§ WHAT THE TASK ASKS
When you transcribe the lines below, keep every word the same and leave the pictures behind.

§ GIVEN MATERIAL
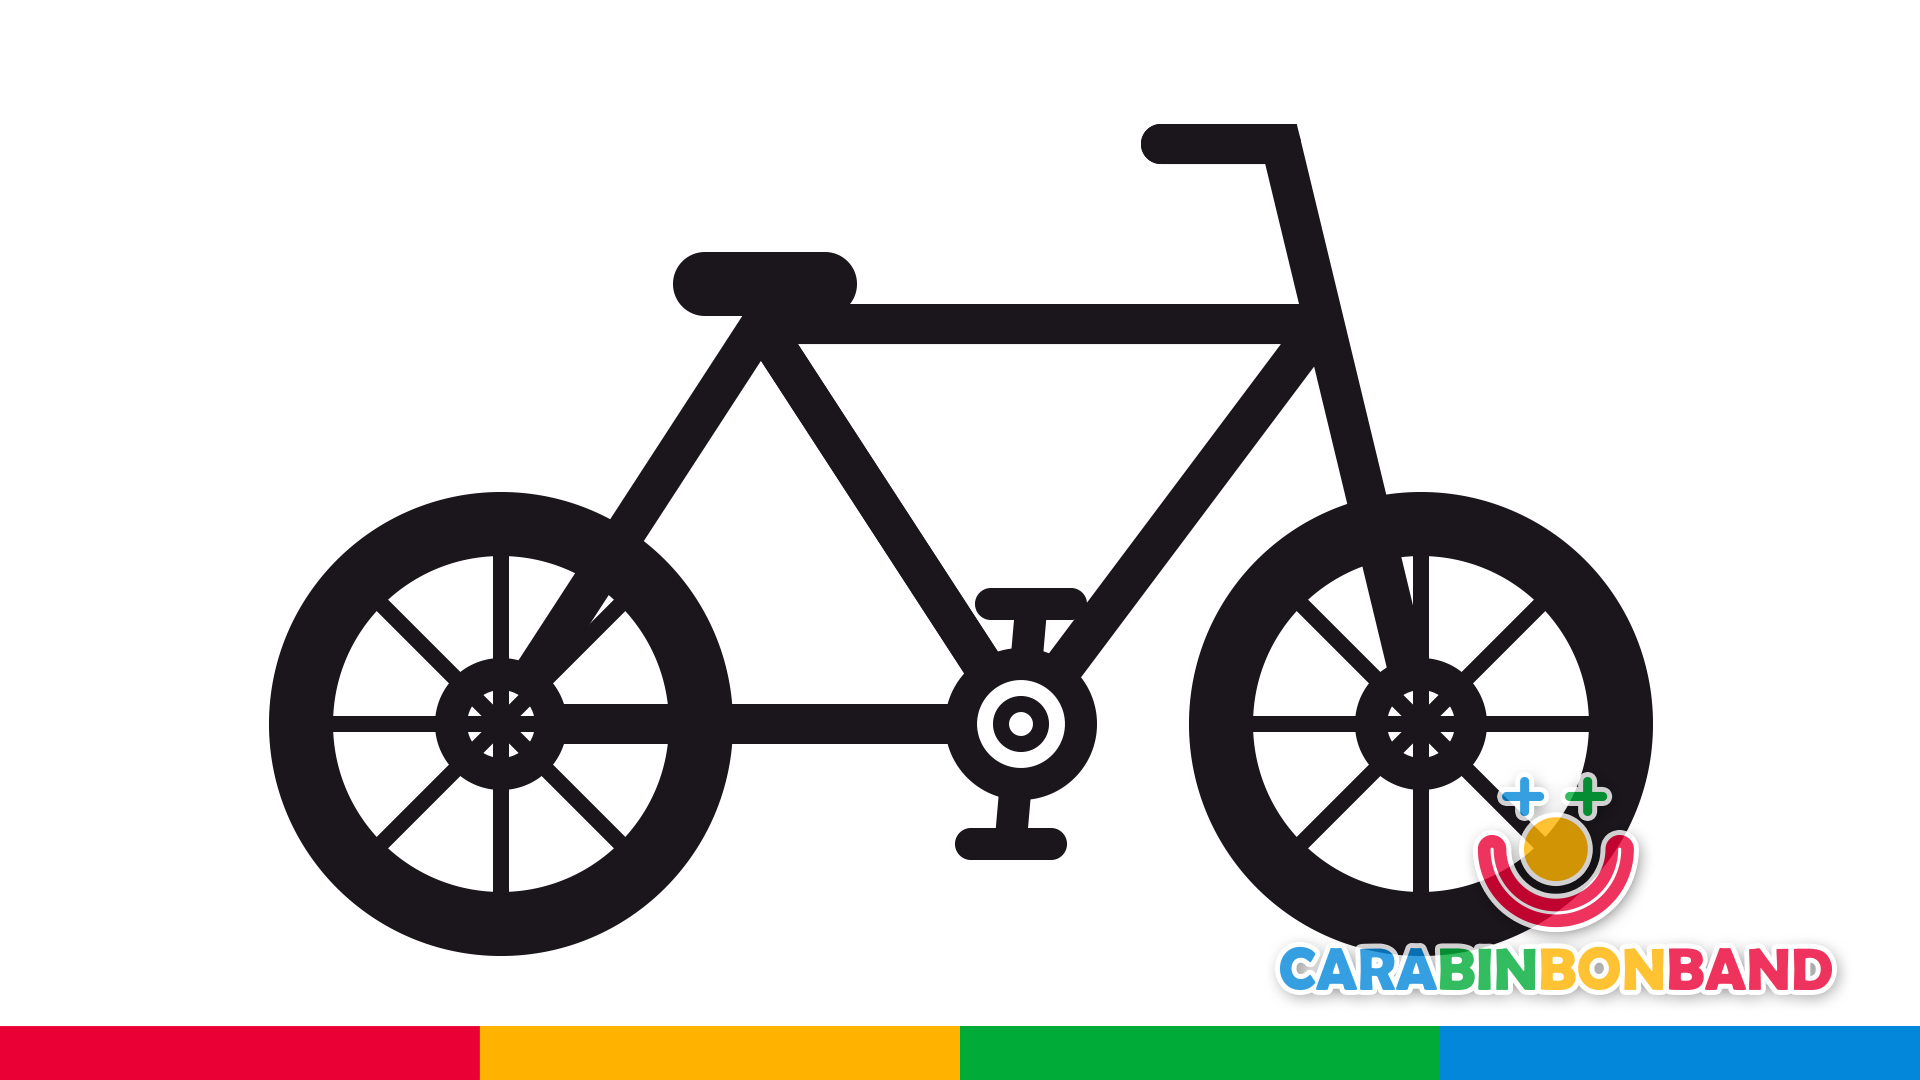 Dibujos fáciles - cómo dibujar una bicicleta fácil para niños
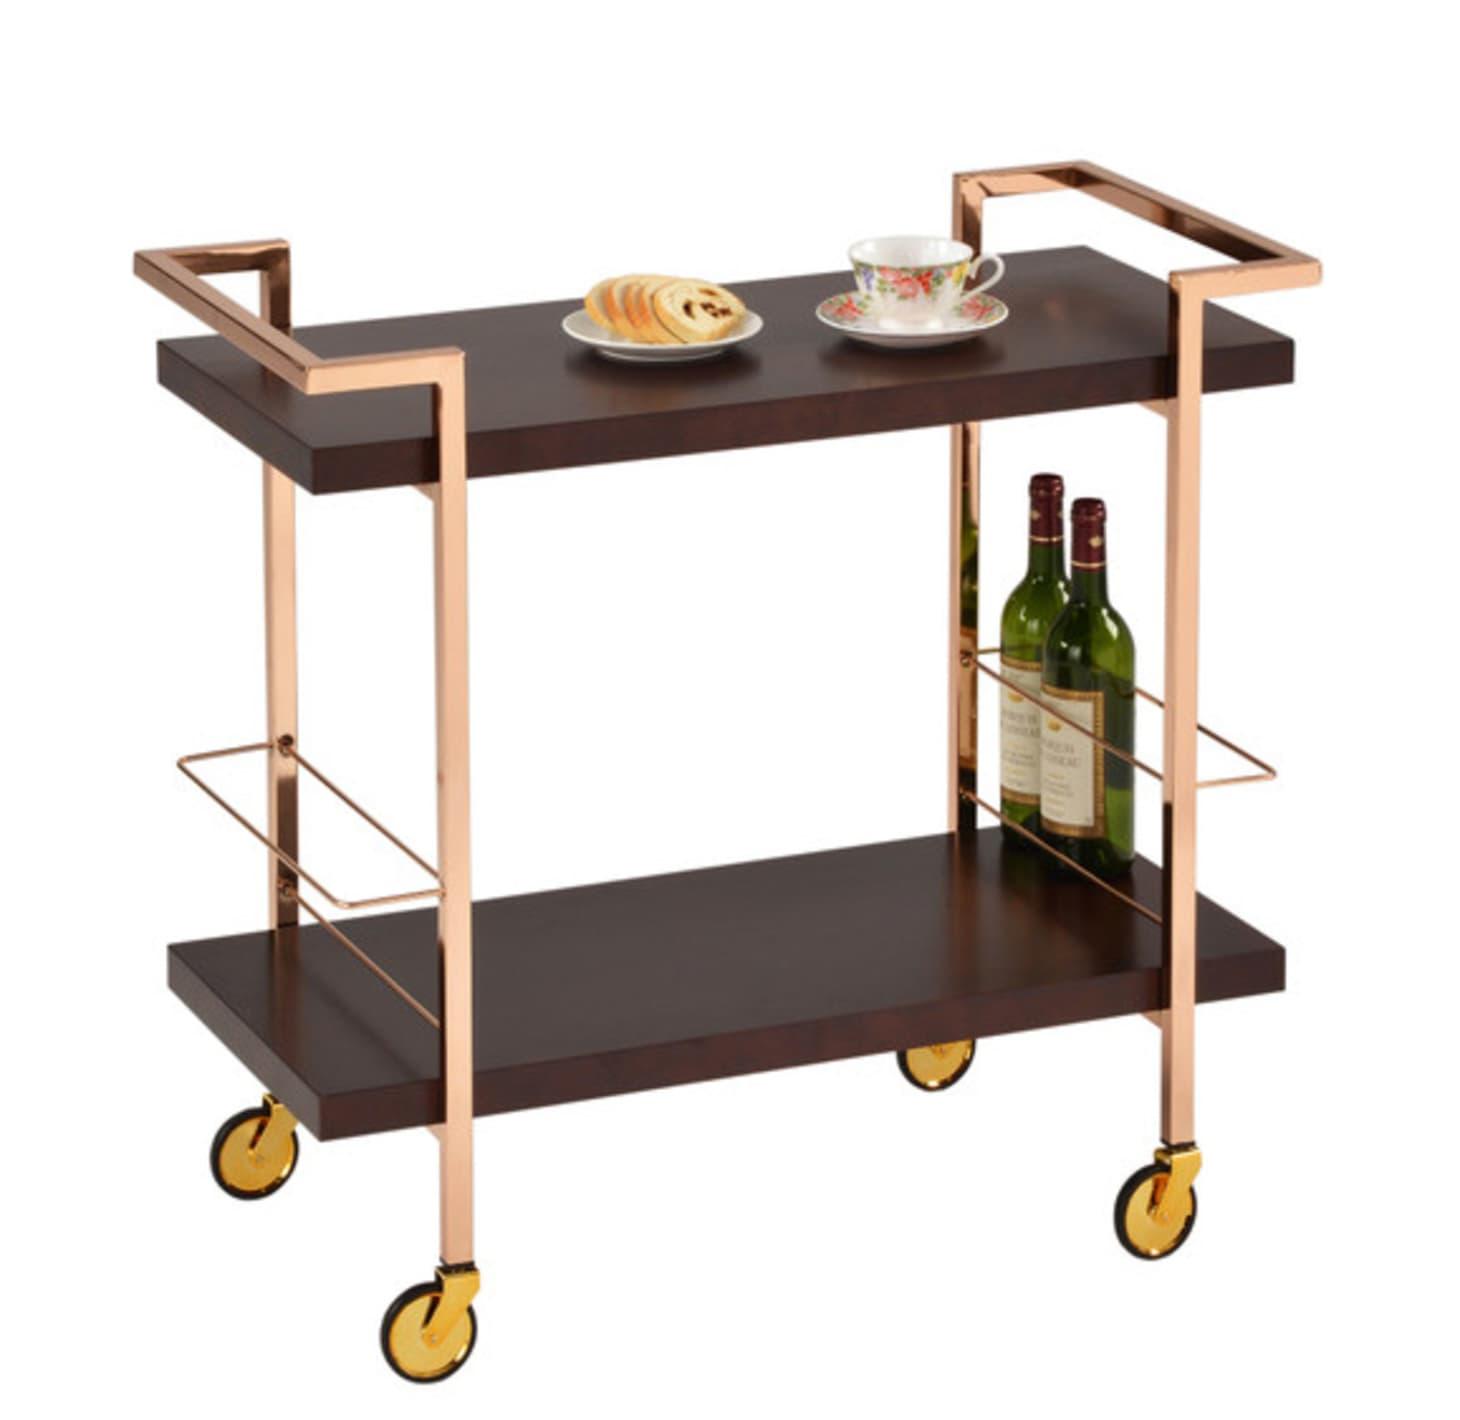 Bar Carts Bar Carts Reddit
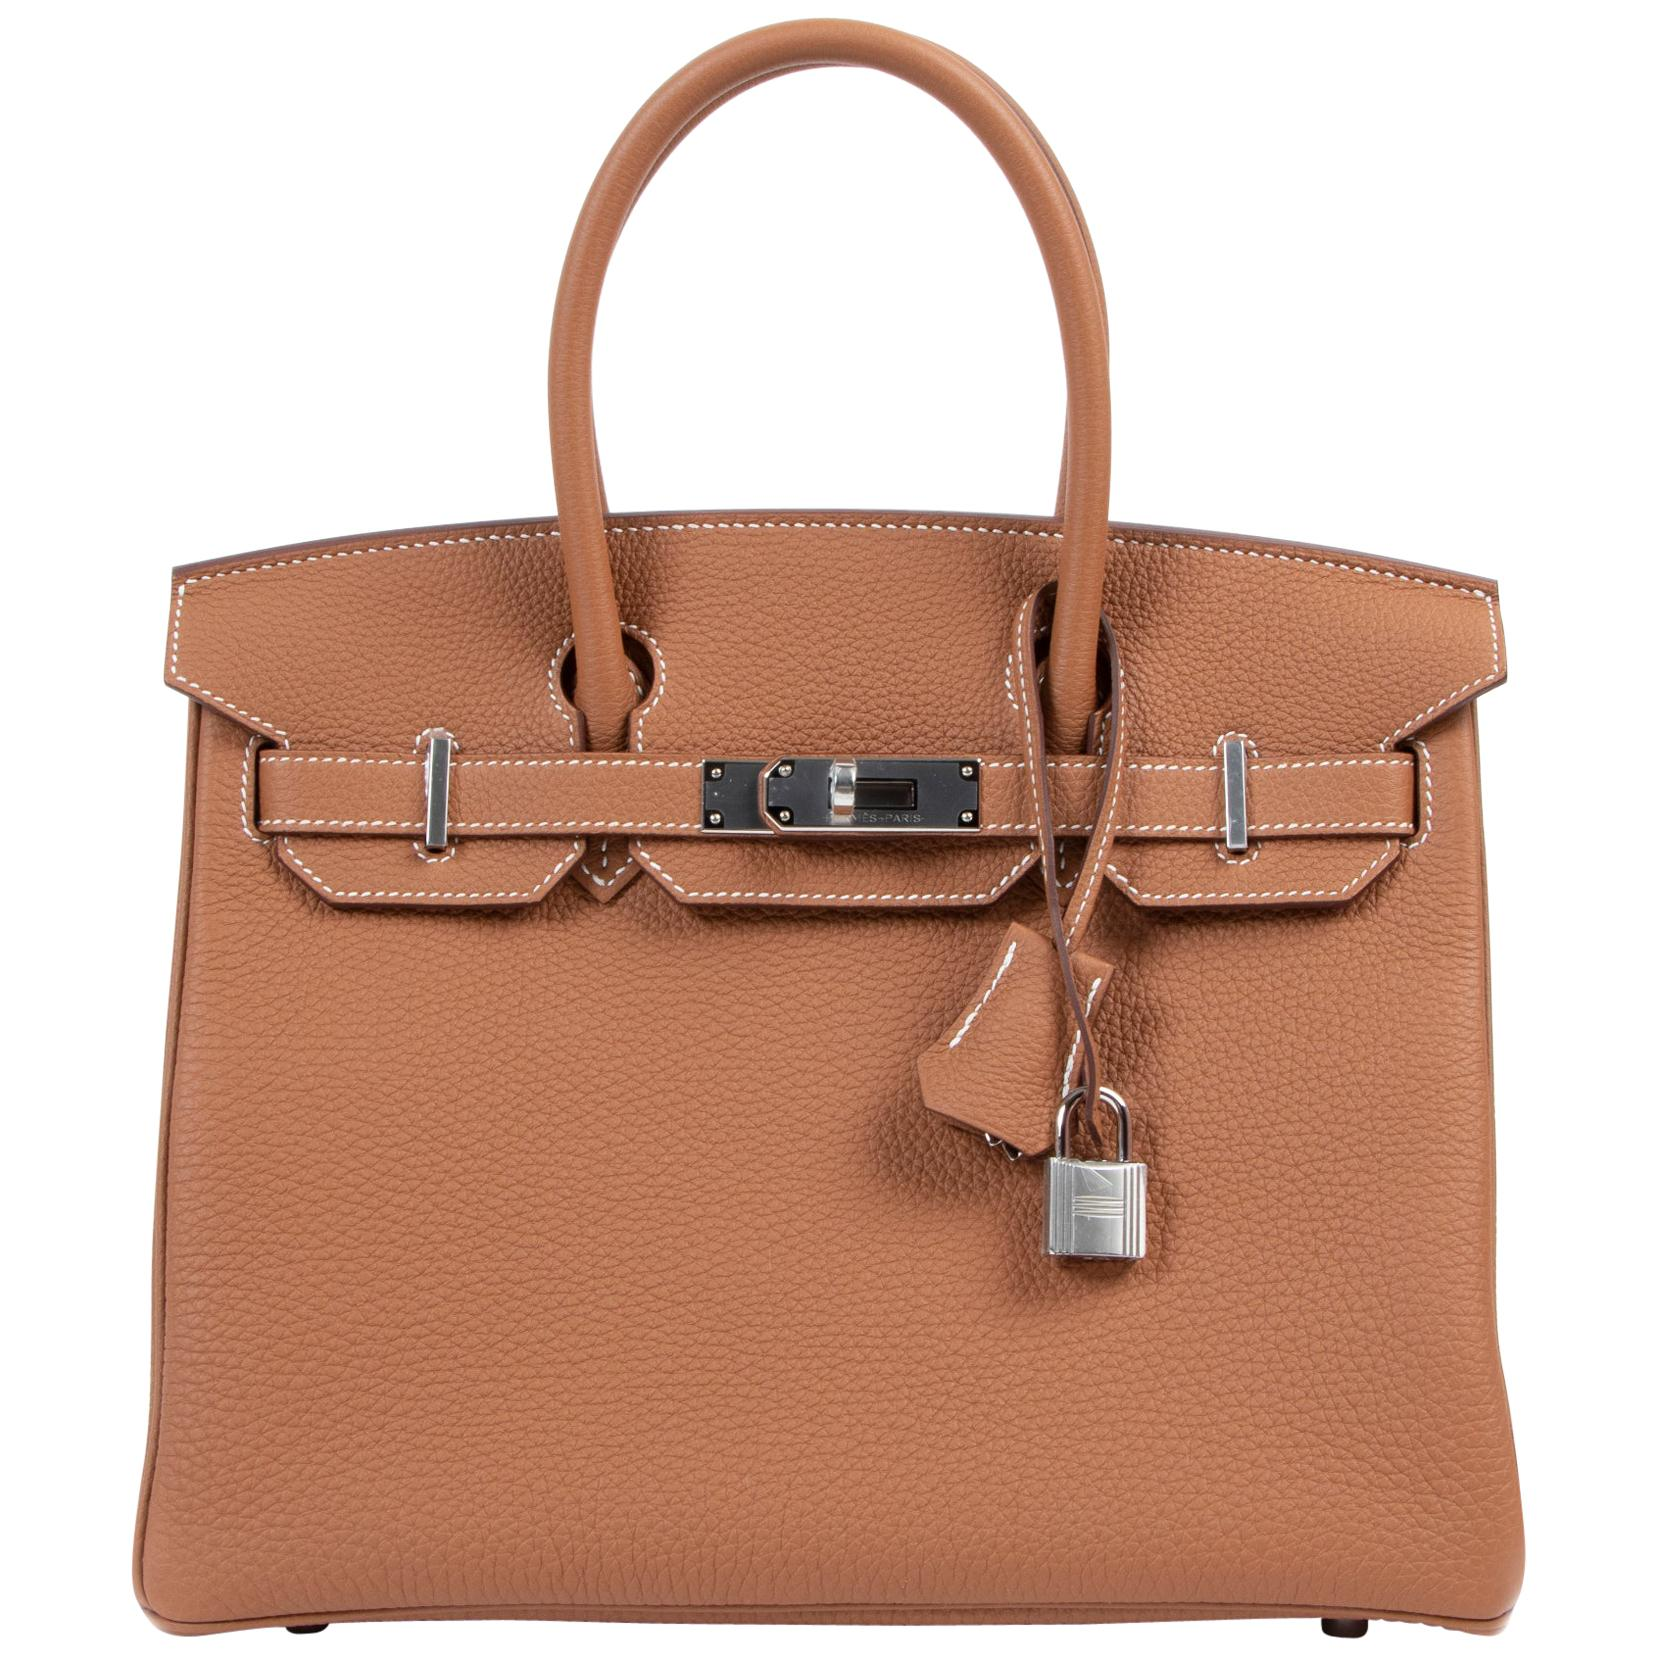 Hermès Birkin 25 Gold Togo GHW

§ COMPLETED TASK
 Dibujos fáciles - cómo dibujar una bicicleta fácil para niños
 Bar Carts Bar Carts Reddit
 Hermès Birkin 25 Gold Togo GHW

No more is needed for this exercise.